Israel Stories

Monday, September 24, 2007

The Malawian Zionist

“Hello”, said a deep voice, “my name is Oscar and I am from Malawi, what is your destination.”

Ah Paris, what a city, maybe a strange comment from an Englishman, but as I’m Israeli now I suppose I can allow myself to soften my upper lip. Anyway I am talking about the city not the people. Ever since and probably a long time before William the Conqueror waltzed into England shooting people in the eyes and declaring himself the monarch there has been at best and uncomfortable tolerance and at worst all out war with the French. One of the strangest questions on this topic came from an American who wanted to know if the English hated the French more than the Americans. All I could tell him to do was to refer to his history (not the American version which started a few weeks ago but the British which predates the Romans). As Disraeli put “when the ancestors of the right honorable gentleman were brutal savages in an unknown land, mine were priests in the temple of Solomon.”

So Oscar was waiting for me to decide where I wanted to go. As an innocent abroad and keen to see as much of the city as I could (even though this must have been my tenth trip to Paris) and on the companies generous account, I asked him if we could take in some of the sites on the drive to my hotel.

The Eiffel tower loomed up ahead. I’ve always seen the Eiffel tower as some Freudian attempt at compensating for their inadequacies. (Of course those words were actually uttered from French lips regarding Big Ben, so I reckon we’re quits.) I jumped out the cab to buy the kids some souvenirs.

“How much money you pay?” Oscar asked. “Oh , about 5 Euro.” Oscar shook his head. “No,no, no, no”, he repeated in almost a trans-like rhythm. He grabbed my souvenirs and ran over to the vendor. I saw his arms flying around in a very animated display. He certainly wasn’t gesticulatery? challenged. He ran back to the taxi and deposited 2 Euro in my hand. He smiled at me and pointed to the vendor, “He’s my brother,” Oscar beamed.
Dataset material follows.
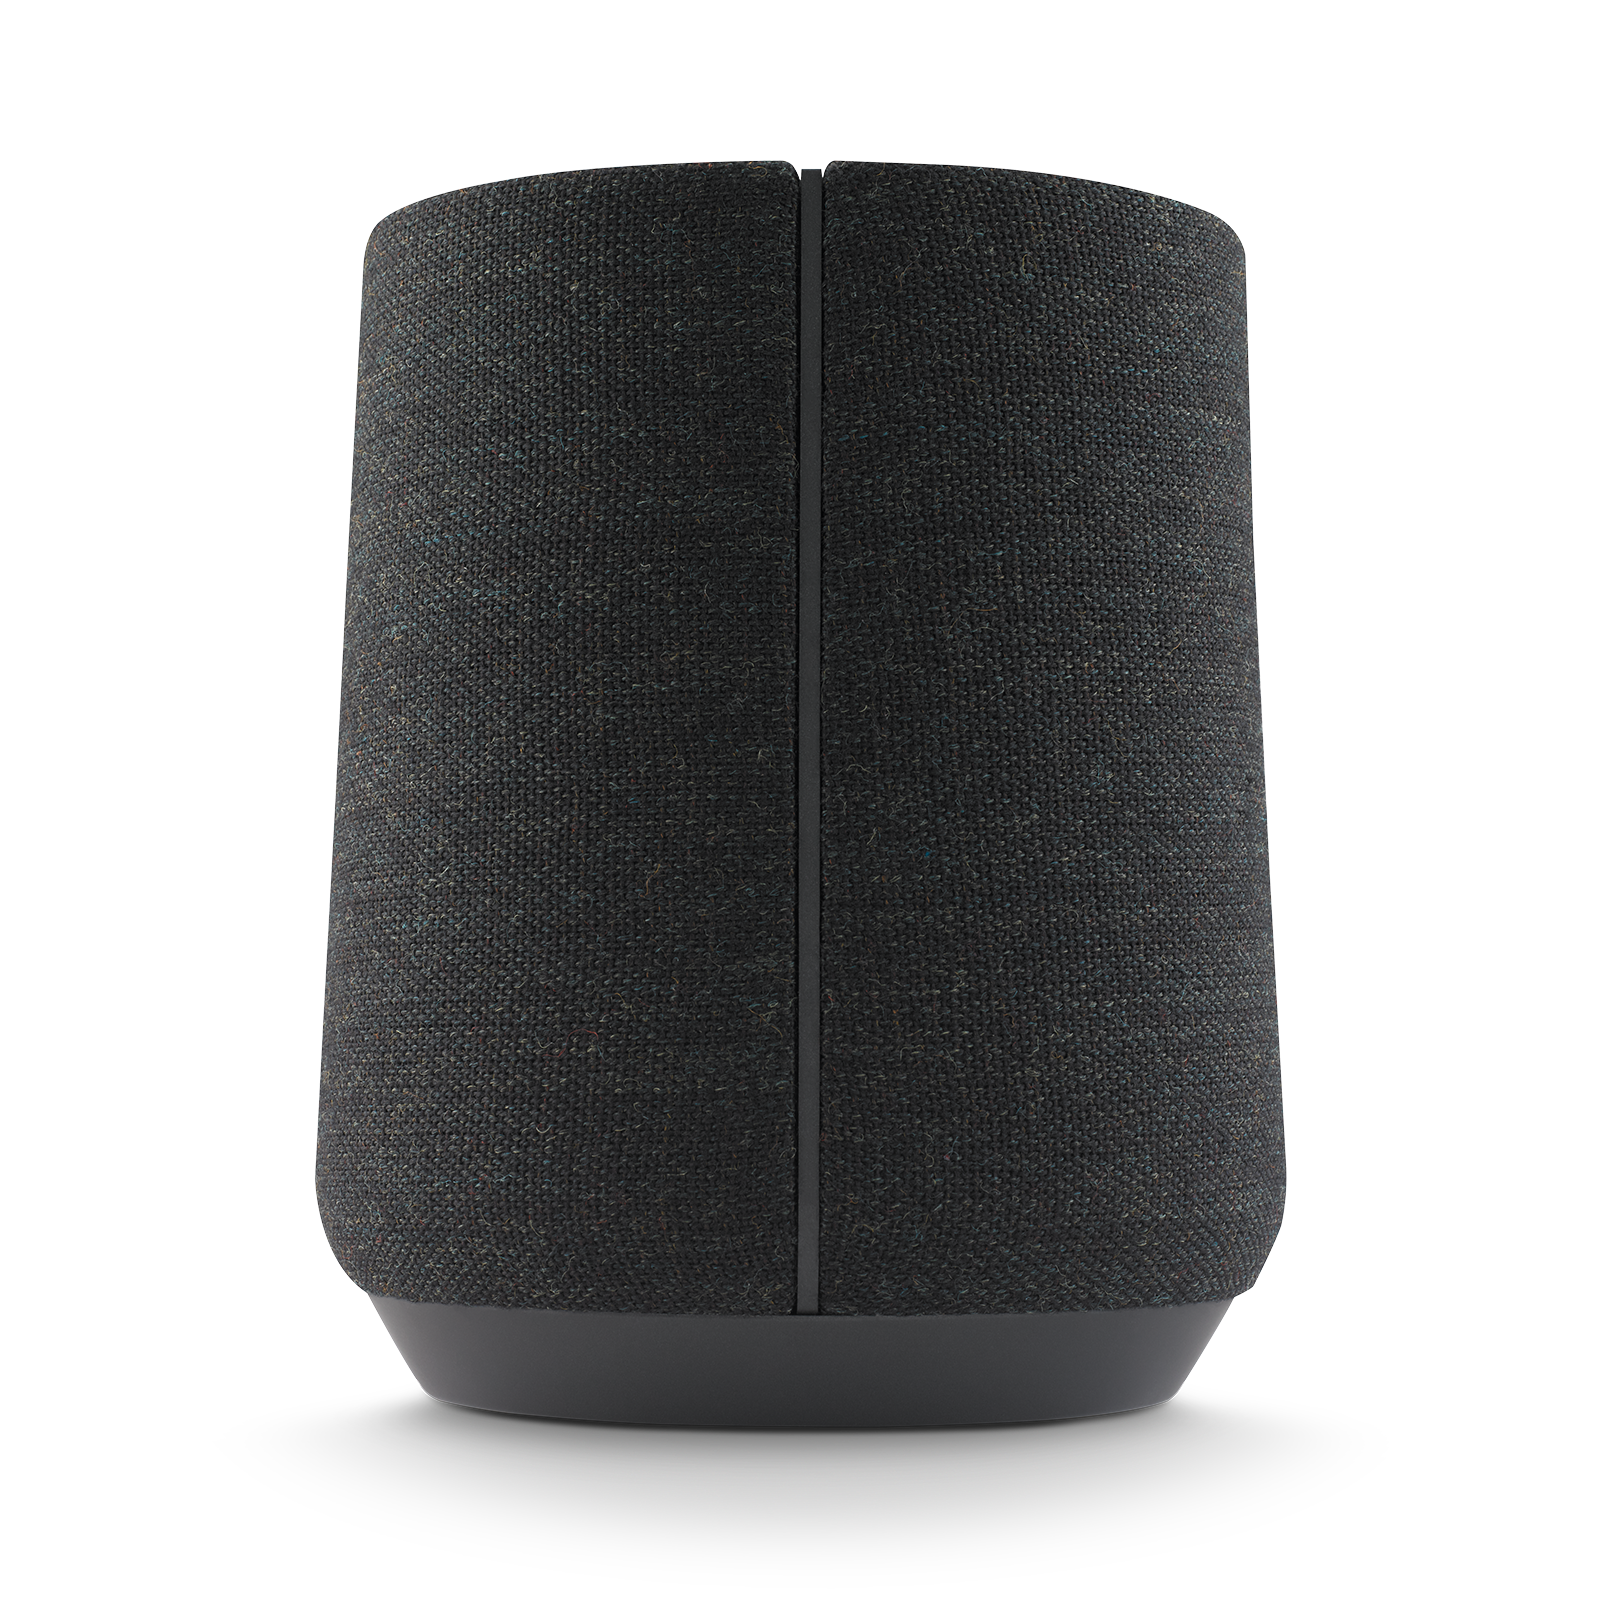 Harman Kardon Citation 300 - Black - The medium-size smart home speaker with award winning design - Detailshot 3

Next we turned to the Arc de Triumph. Now I could make some very sarcastic comments about famous French triumphs, Waterloo for example, bit I’ll leave it because I may be accused of racism, and being Jewish, I am only allowed to be on the receiving end, besides do I want to sink as low as them.

So we drove passed the Arc de Triumph, that celebratory arch, celebrating French triumphs, when suddenly another taxi cut in front of us very dangerously. I have to admit for a second I had visions of Oscar and the front of the cab disappearing under the other taxi. We chased the other Taxi and at the next set of lights Oscar jumped out. More arm waving and shouting. Oscar got back in the taxi and smiled, “he’s my brother”. Now call me stupid and you wont be the first, but a sensed a pattern forming.

Now I have never met a Malawian before but if they are all as nice as Oscar I think Malawi could be my next holiday venue. Osacr was a great advocate for his country, something that shamefully most of us fall short of. But then came the final test.

“So,” Oscar piped up, “where are you from?” Now I could say London and get a shrug and no reaction, I could say Israel and risk the conversation going two ways; a torrent of abuse or compliments. But how to gauge Oscar. He was obviously a good man, who was giving me excellent service. But what was he all about. I quickly looked around the cab, there was no Arabic, no fancy tissue box, no pendants, chains or even crucifixes, just a nice clean taxi.

So I decided to ignore the question until I got more info. “So Oscar, where did you learn English?”

Oscar smiled, “I learned English in St Georges School, in my home country”.

“I’m from Israel”, I blurted out.

“Ah Israel”, Oscar smiled, “he’s my brother!”